**What needs to be done:** In the entries below, repeat only the lines between those holding "Mid-Century Modern Danish" and "Wonderful two seater", inclusive. Leave pictures out.

**Provided entries:**
------------------------------------
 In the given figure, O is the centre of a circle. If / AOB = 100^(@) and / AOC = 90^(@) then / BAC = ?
------------------------------------
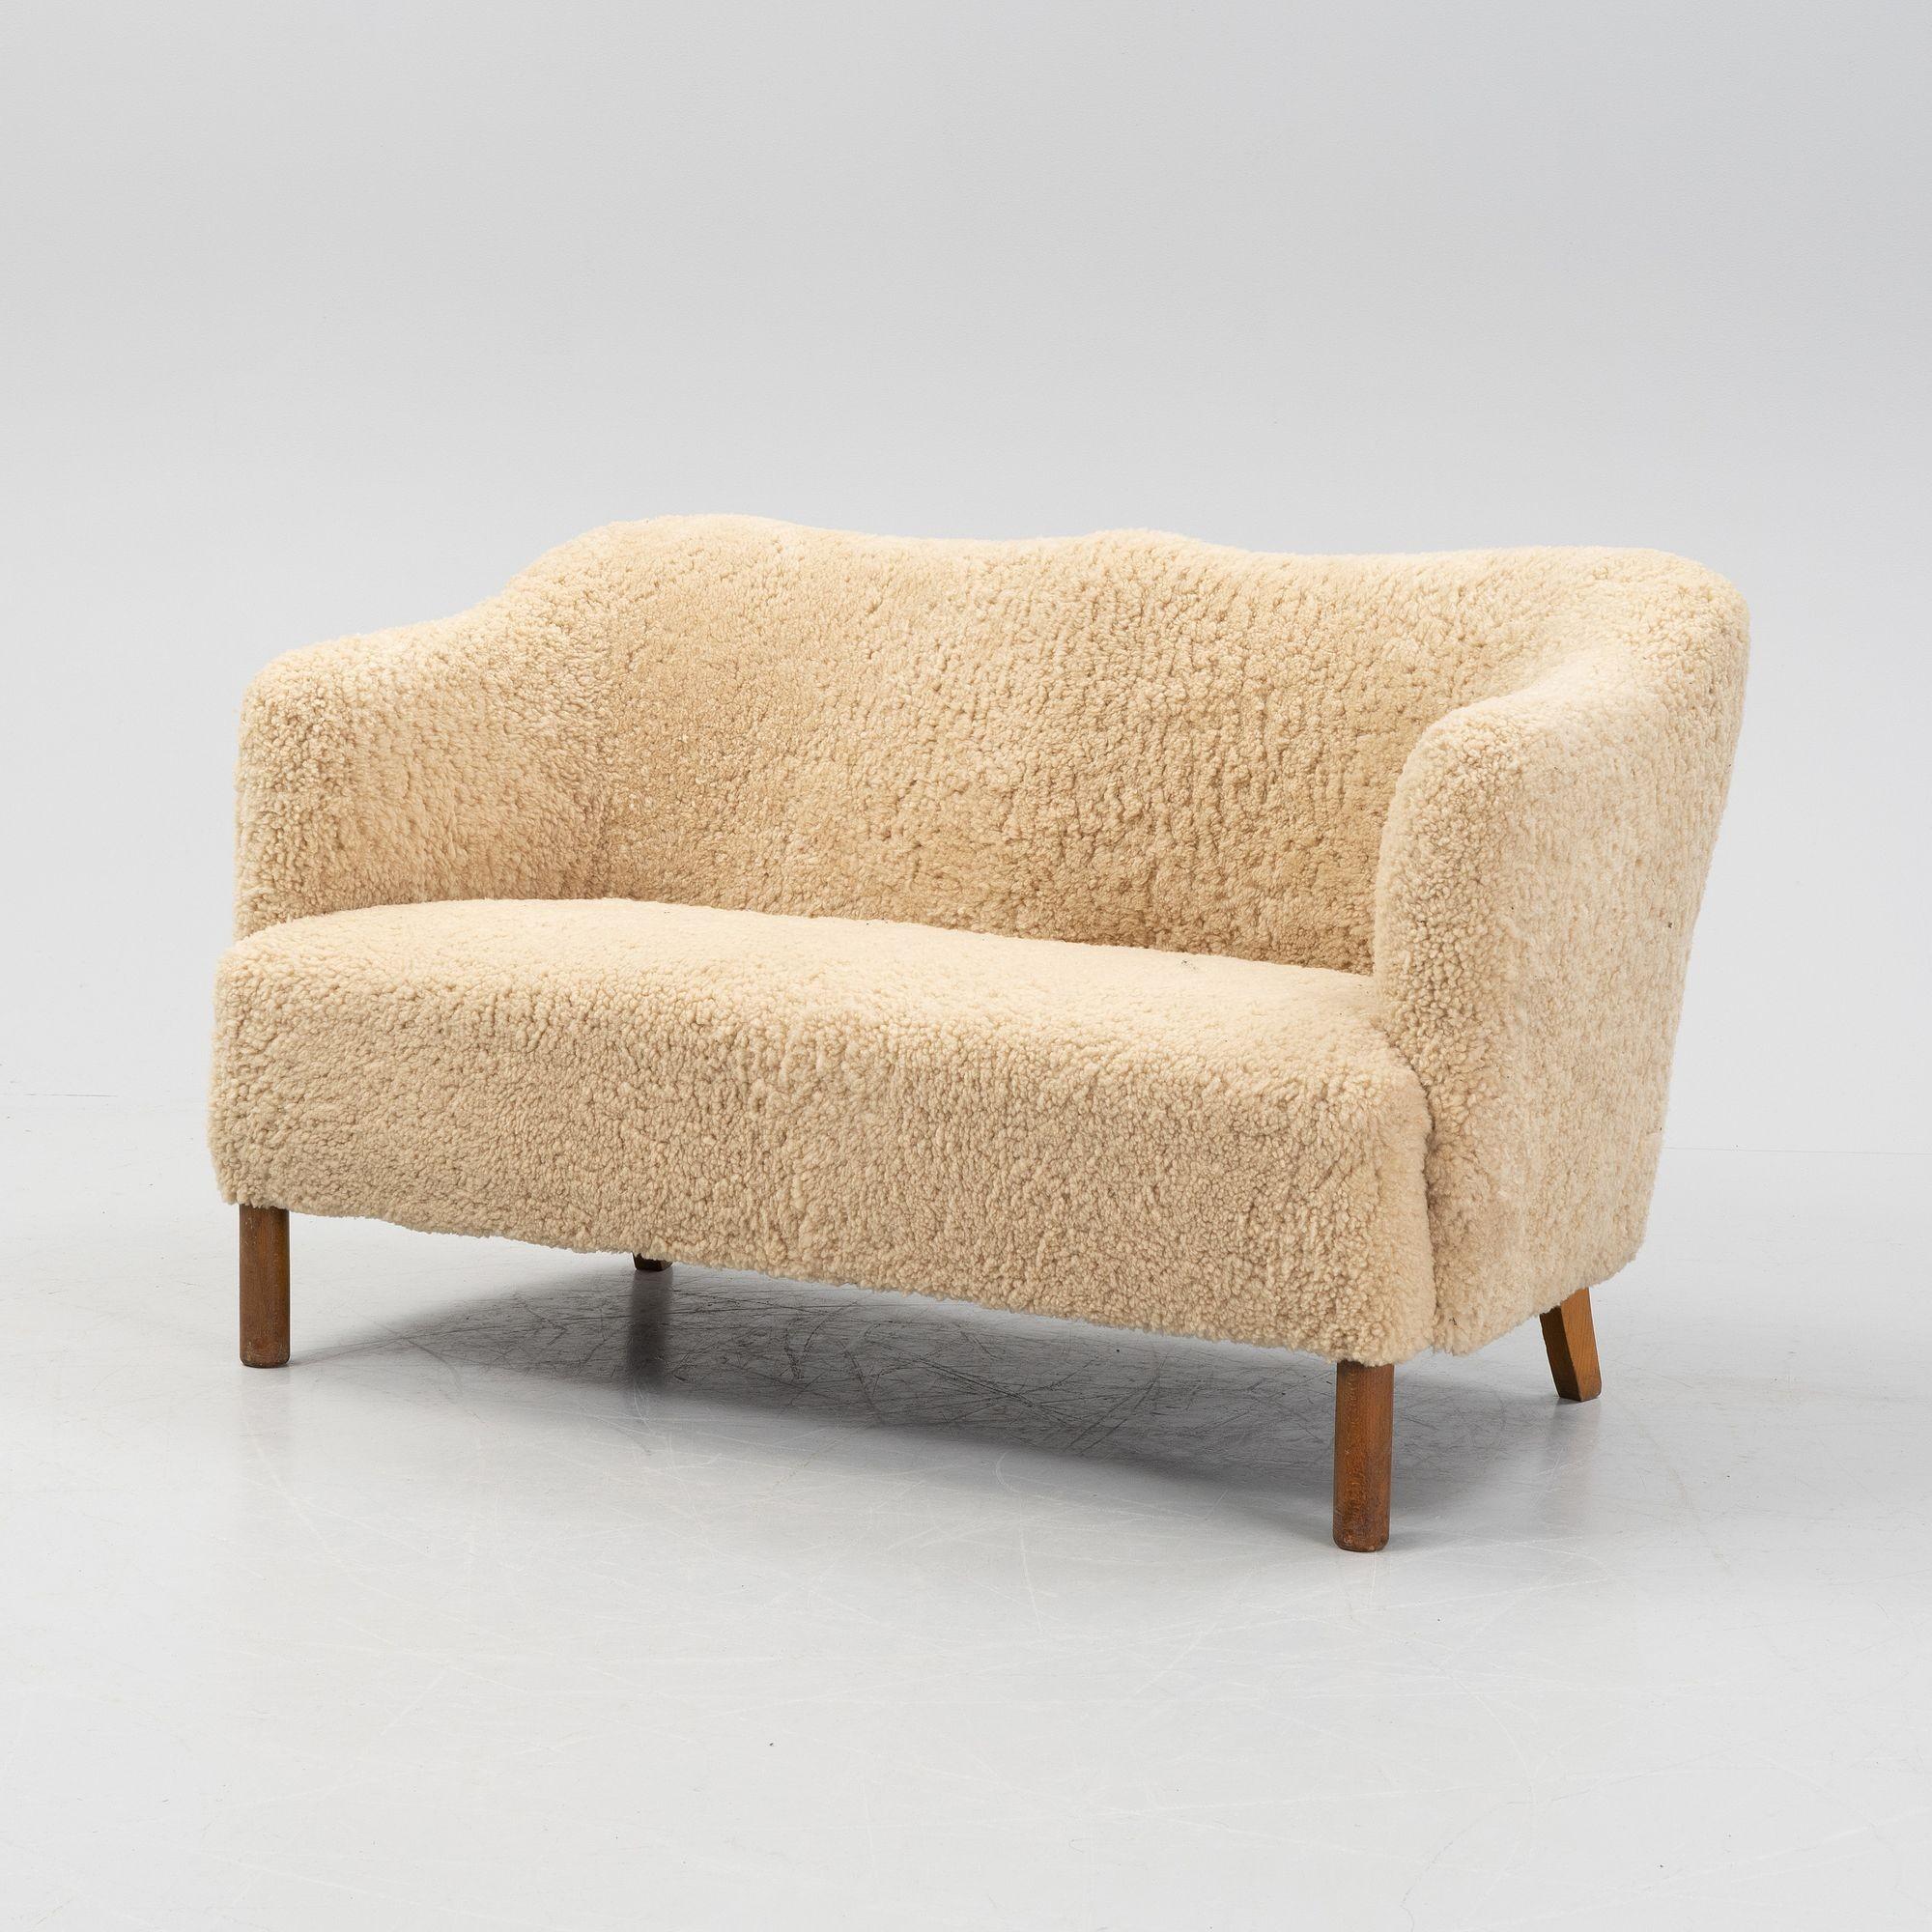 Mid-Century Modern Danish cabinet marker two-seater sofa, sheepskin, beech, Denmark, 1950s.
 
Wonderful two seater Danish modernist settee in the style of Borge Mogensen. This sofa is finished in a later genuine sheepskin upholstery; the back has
------------------------------------
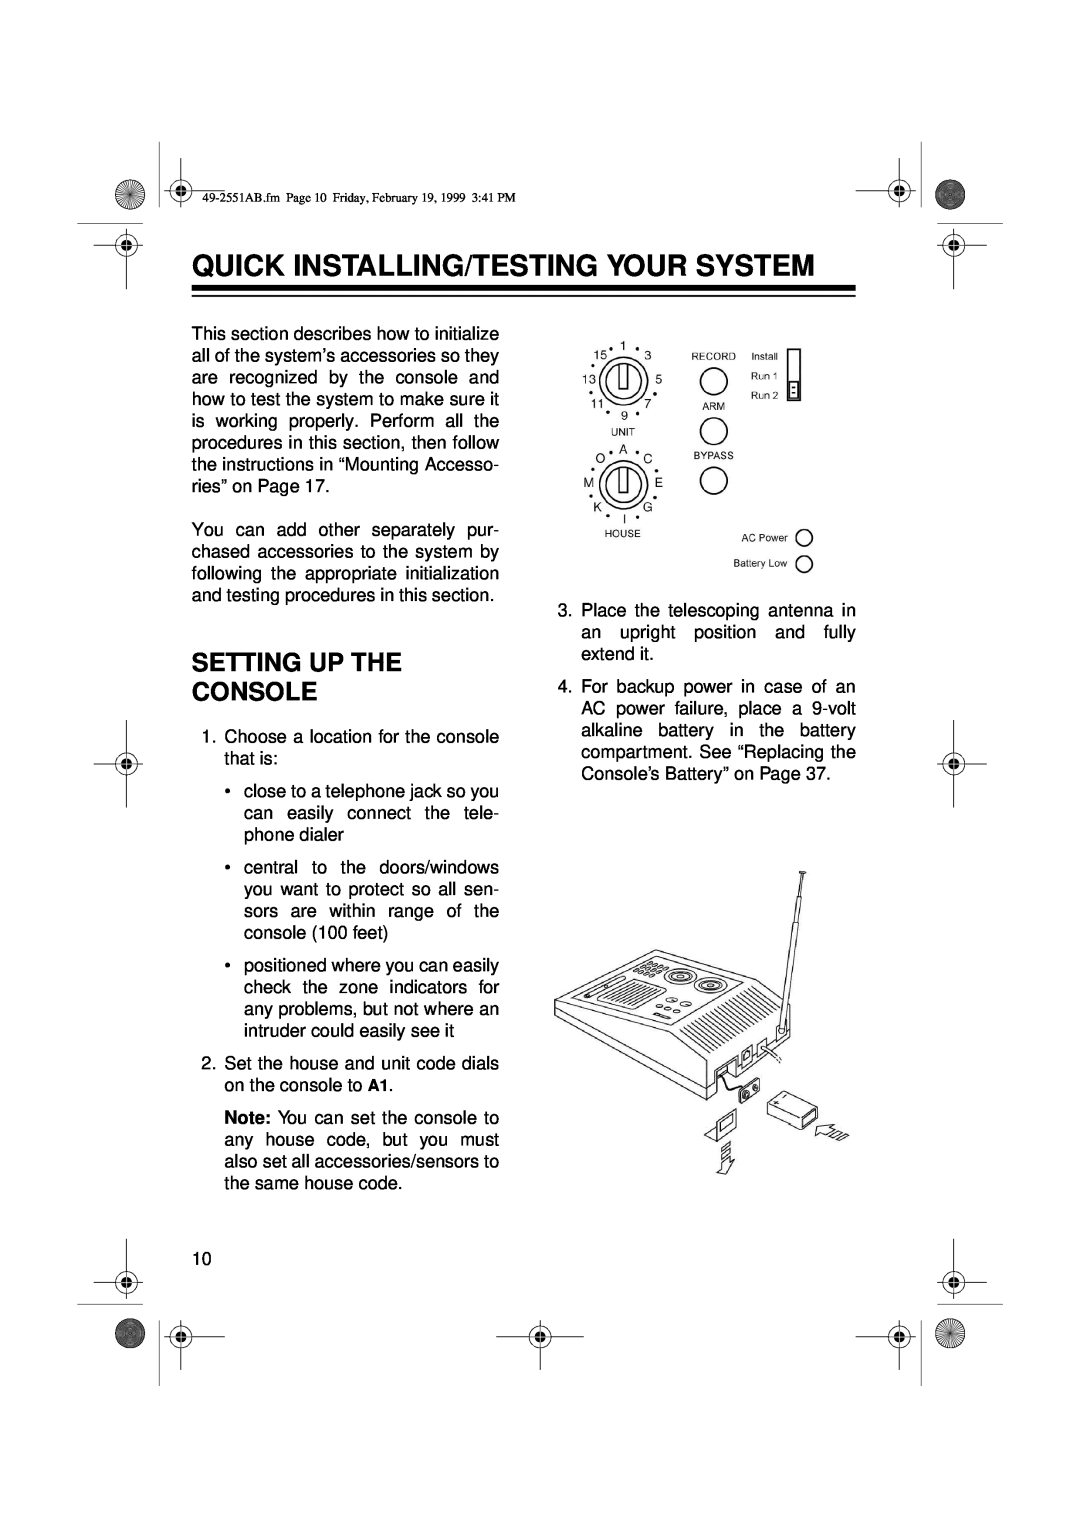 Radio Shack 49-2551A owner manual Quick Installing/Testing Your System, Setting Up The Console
------------------------------------
**Solution for this exercise:**
 Mid-Century Modern Danish cabinet marker two-seater sofa, sheepskin, beech, Denmark, 1950s.
 
Wonderful two seater Danish modernist settee in the style of Borge Mogensen. This sofa is finished in a later genuine sheepskin upholstery; the back has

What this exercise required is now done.